'''

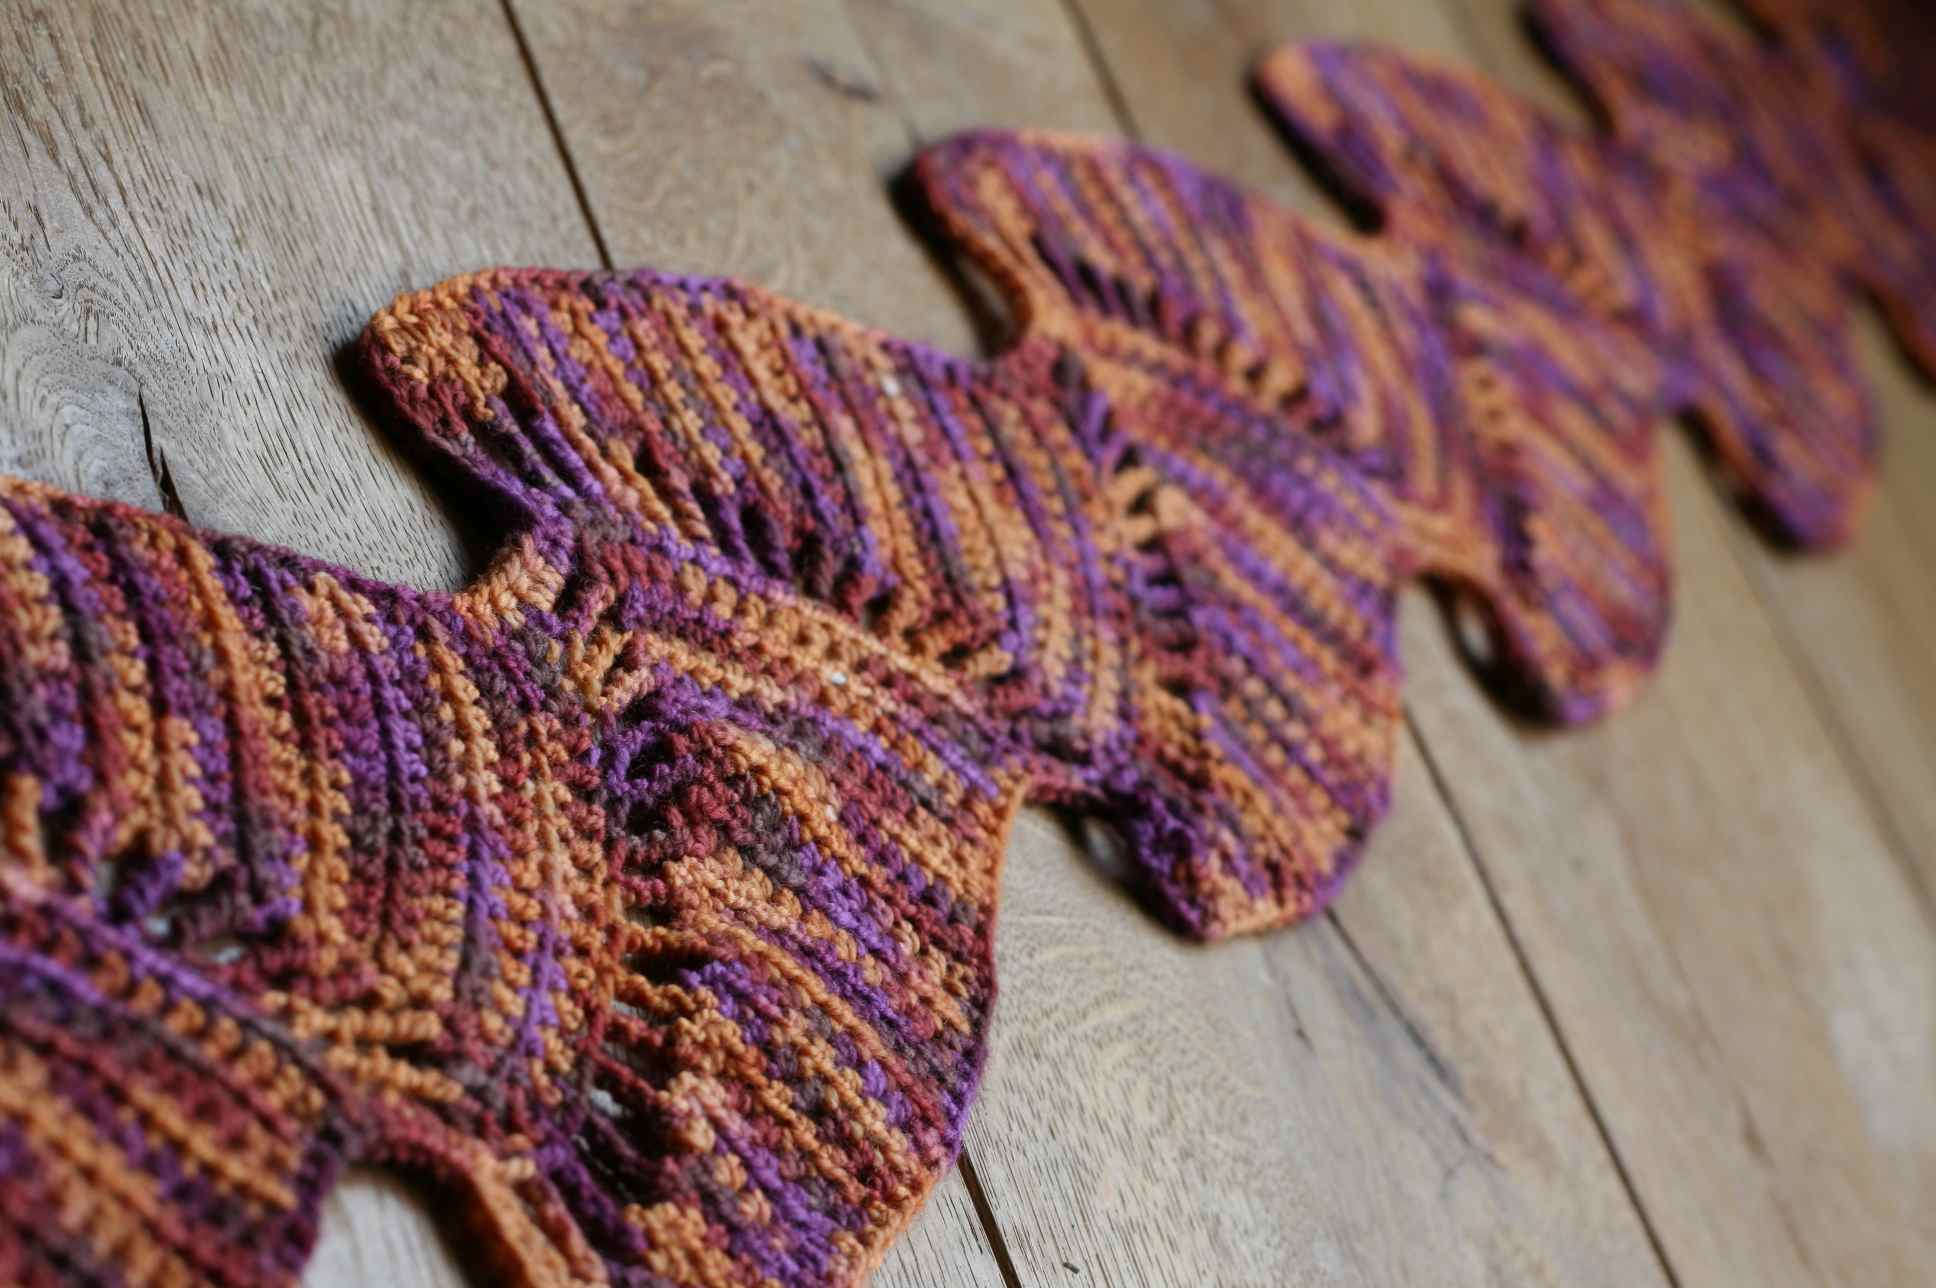 Crochet patterns - Shop for Crochet patterns on ThisNext
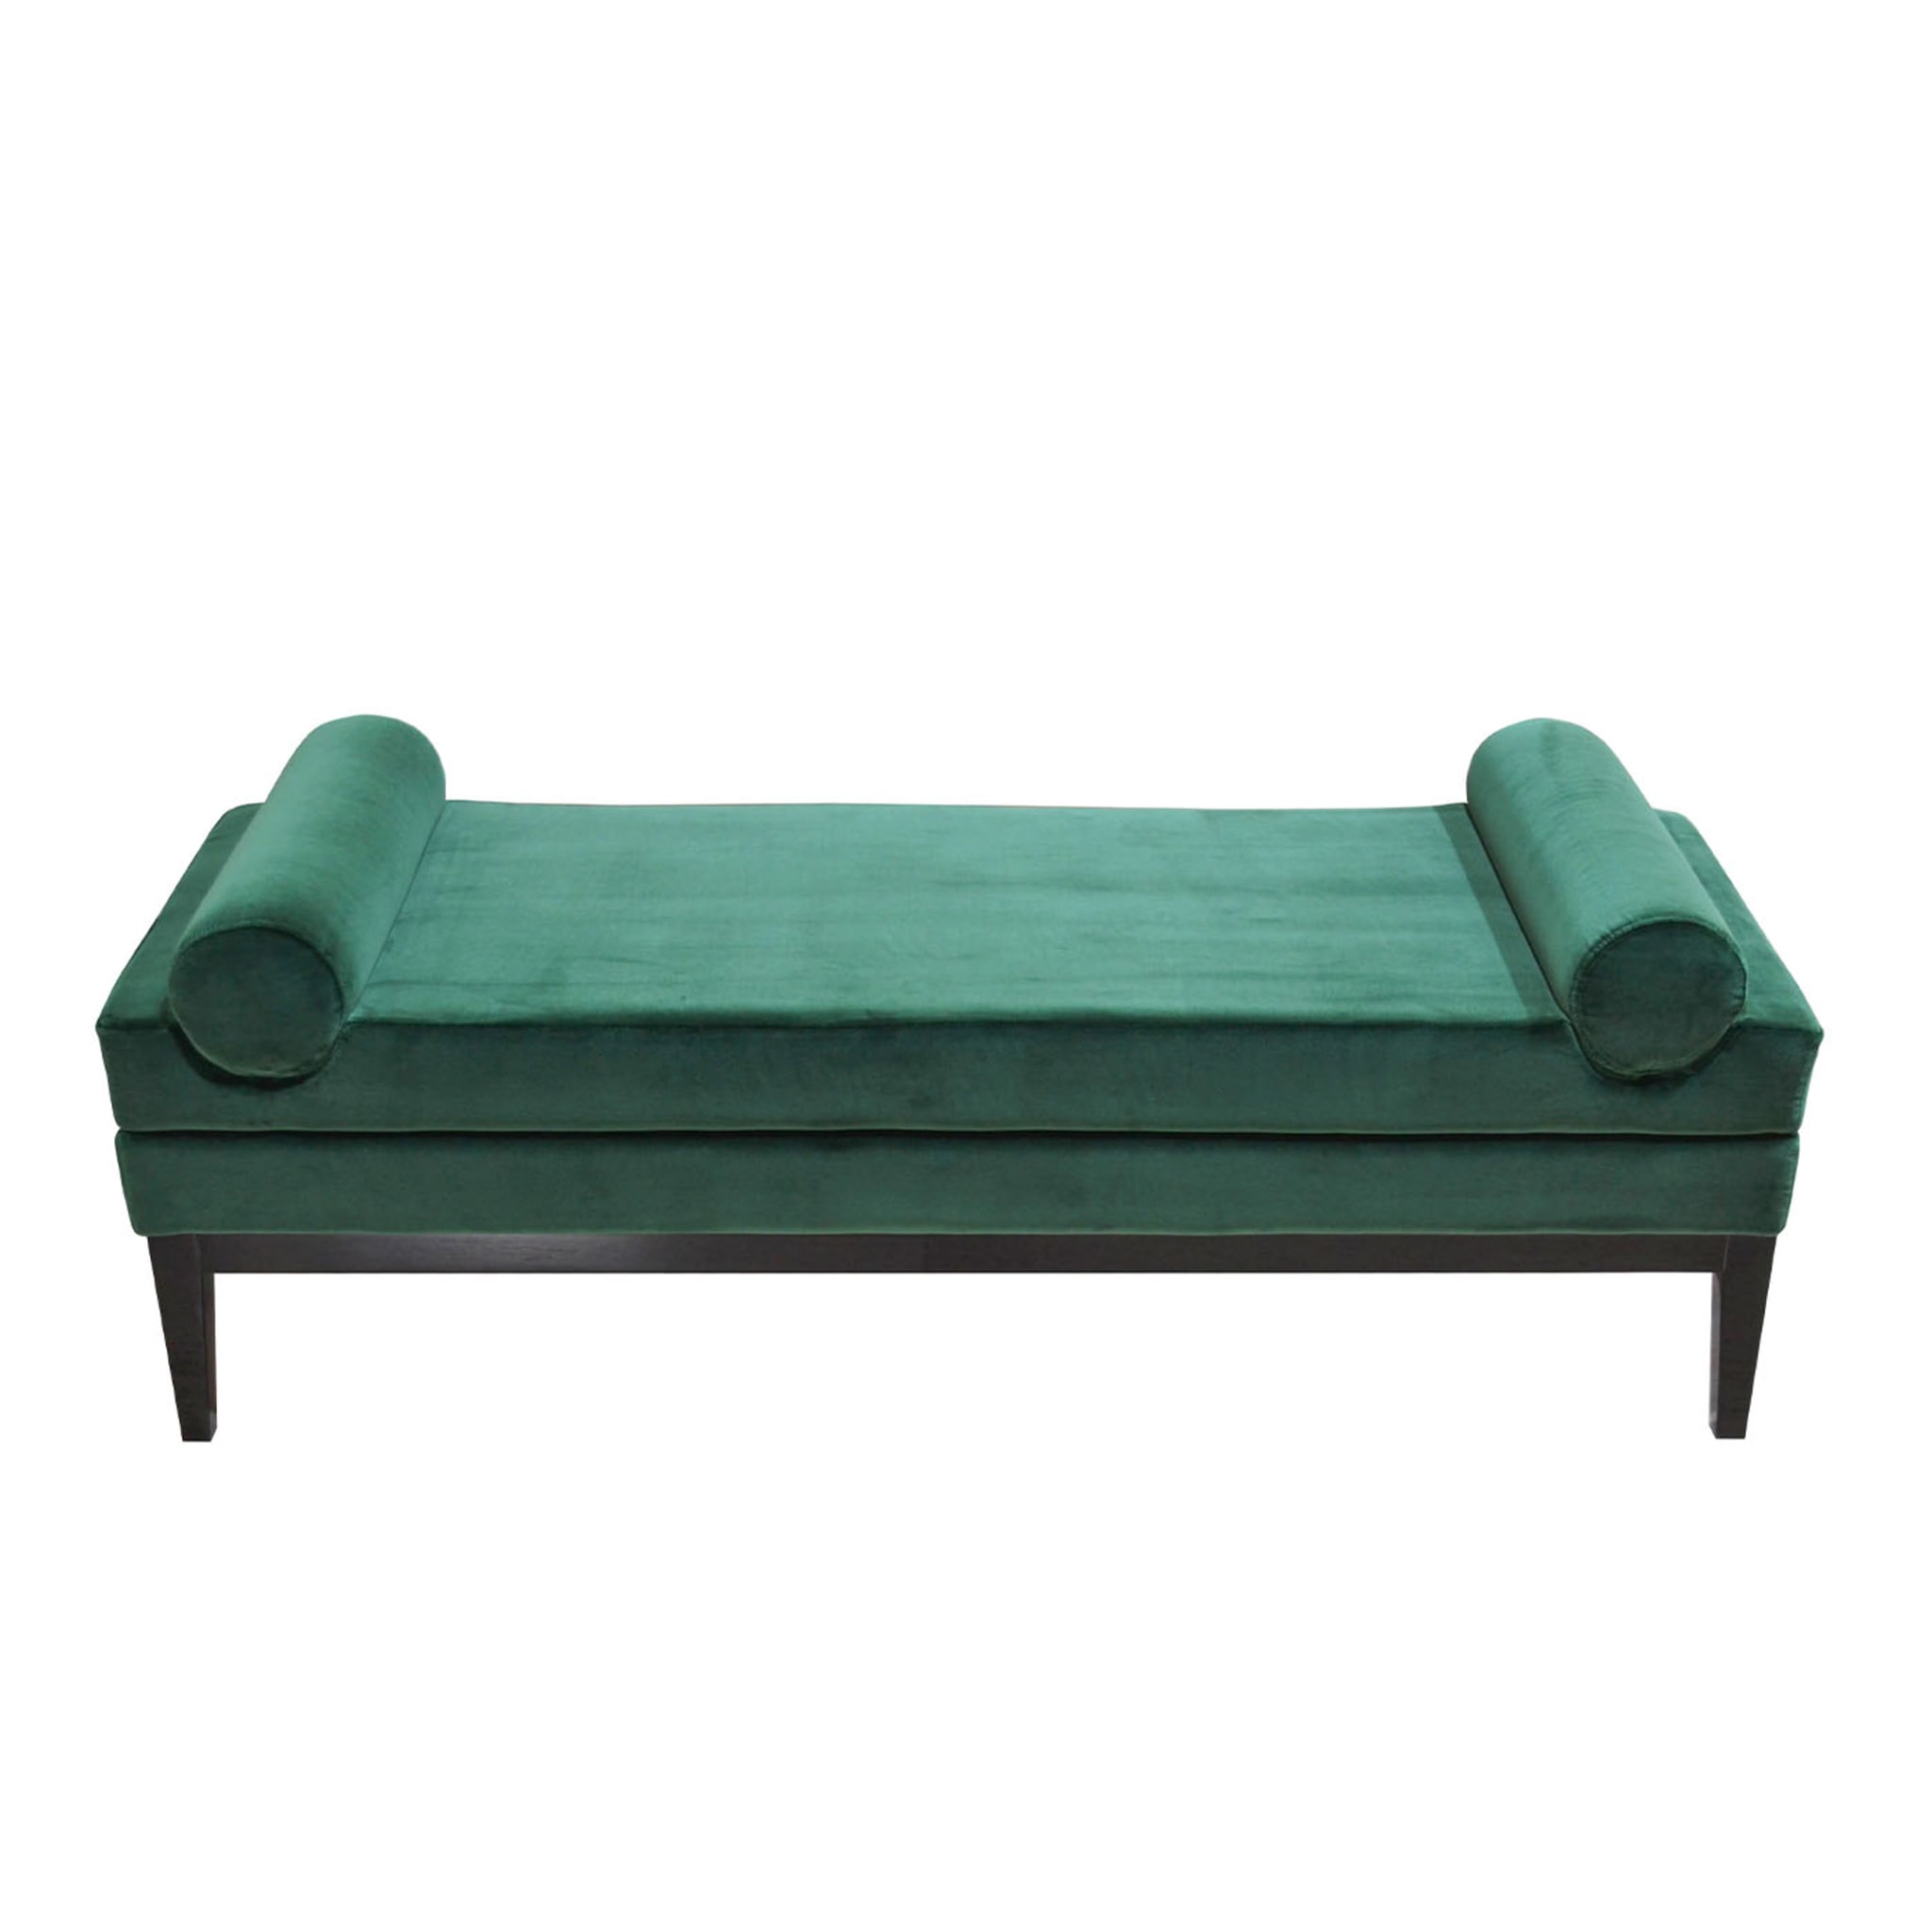 Italian Contemporary Upholstered Bench in Green Velvet Fabric - Alternative view 1
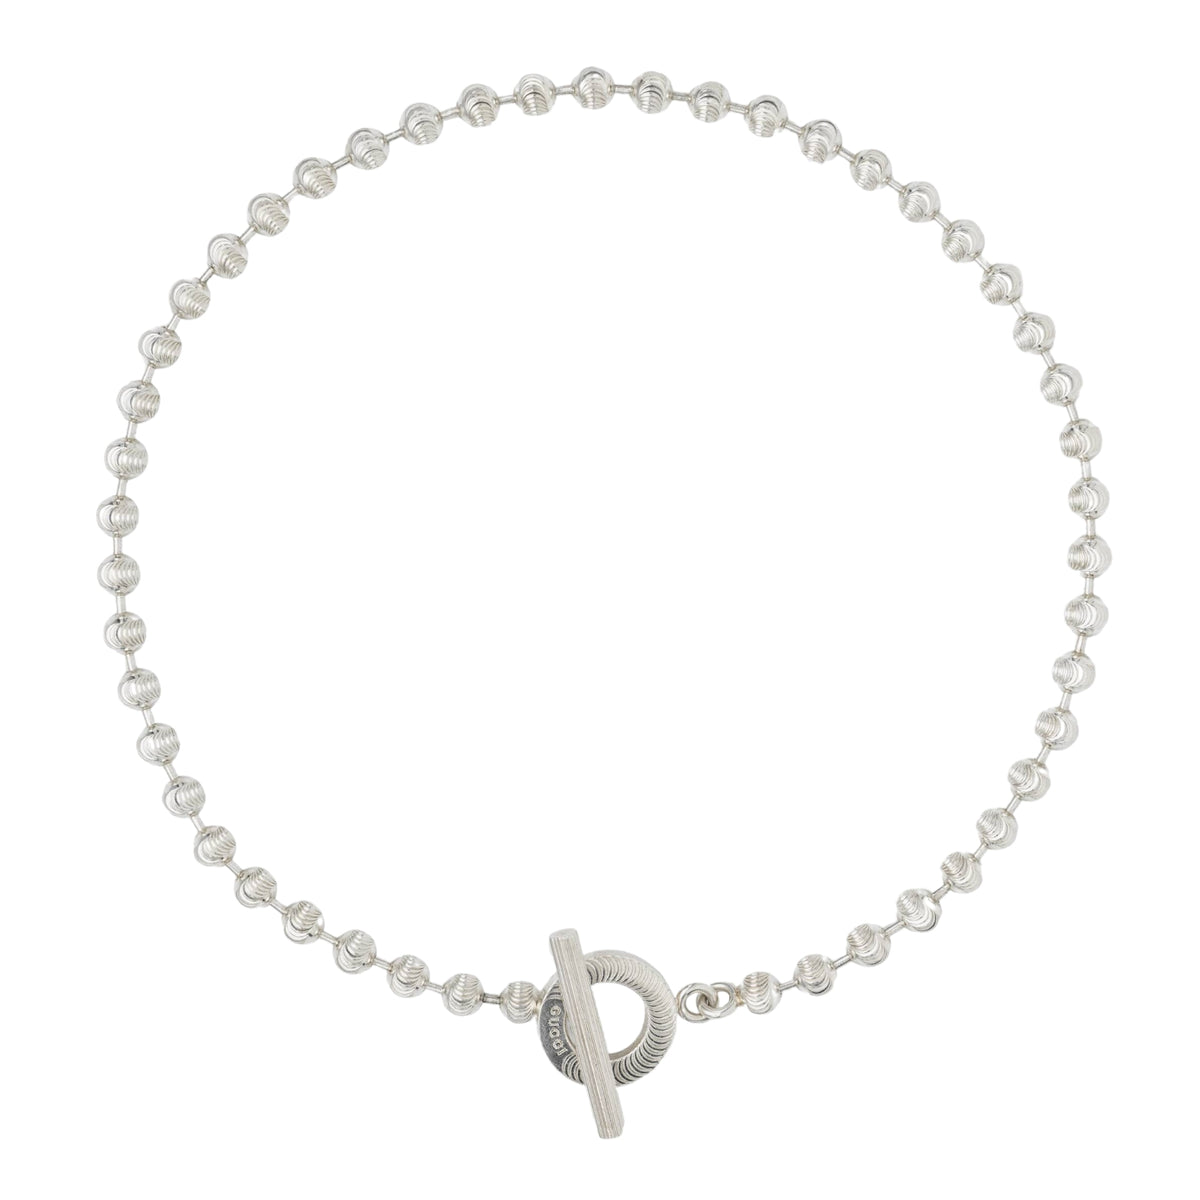 Gucci Boule Choker Necklace in Sterling Silver - Orsini Jewellers NZ
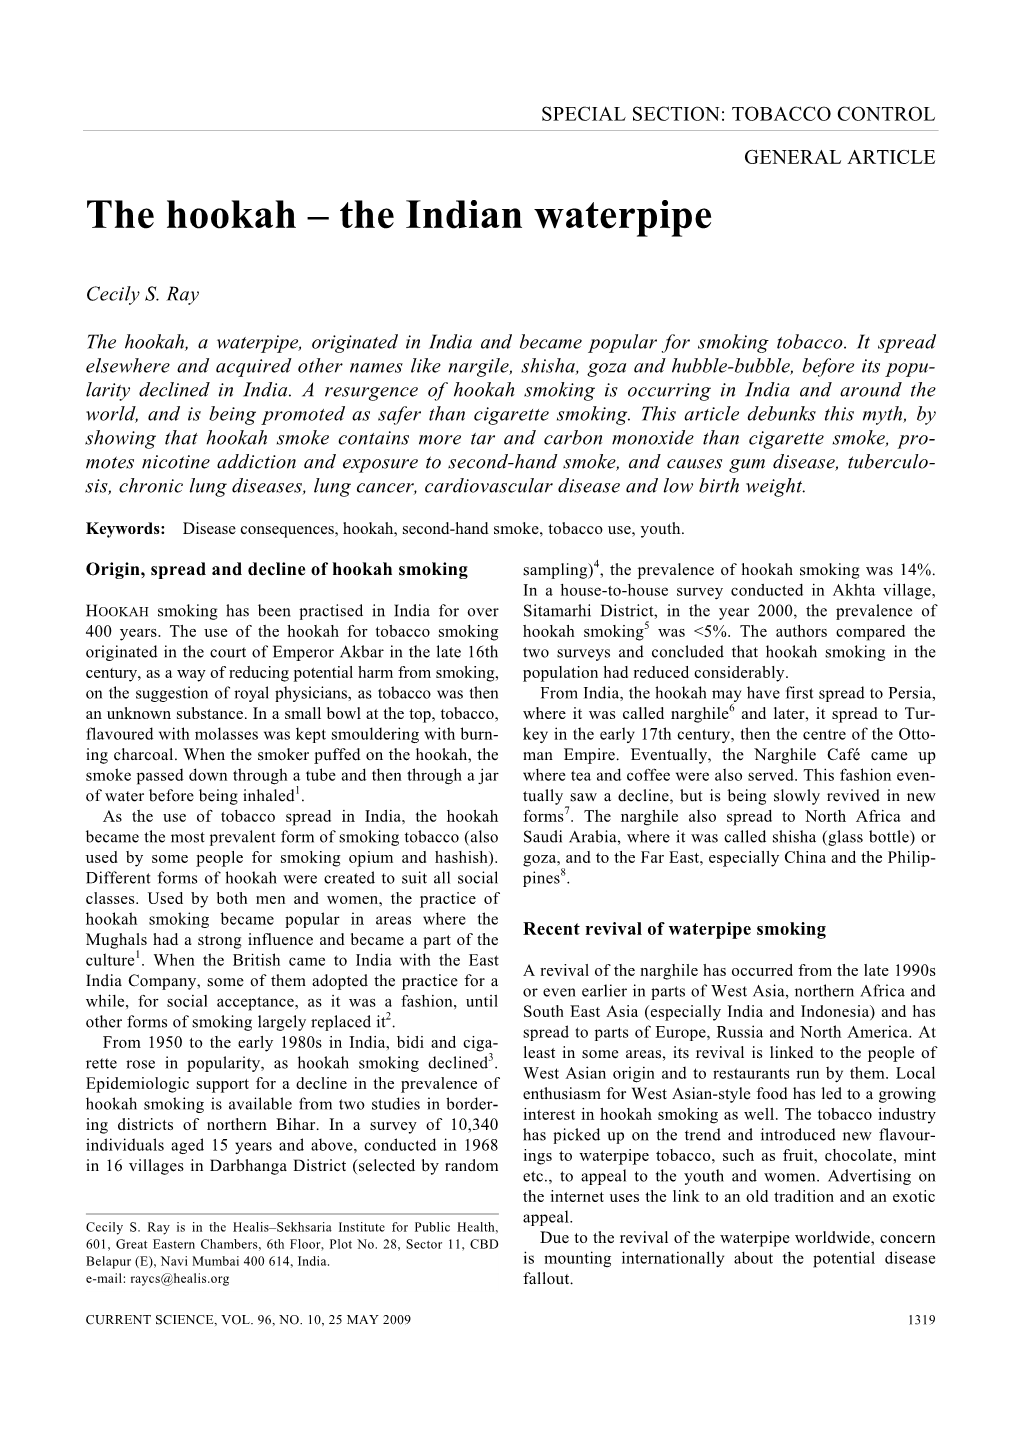 The Hookah – the Indian Waterpipe

'''

> _Task goal_
Output a faithful copy of the data, with each picture left out.

> _The completed task_
 Crochet patterns - Shop for Crochet patterns on ThisNext
 Italian Contemporary Upholstered Bench in Green Velvet Fabric - Alternative view 1
 Gucci Boule Choker Necklace in Sterling Silver - Orsini Jewellers NZ
 The Hookah – the Indian Waterpipe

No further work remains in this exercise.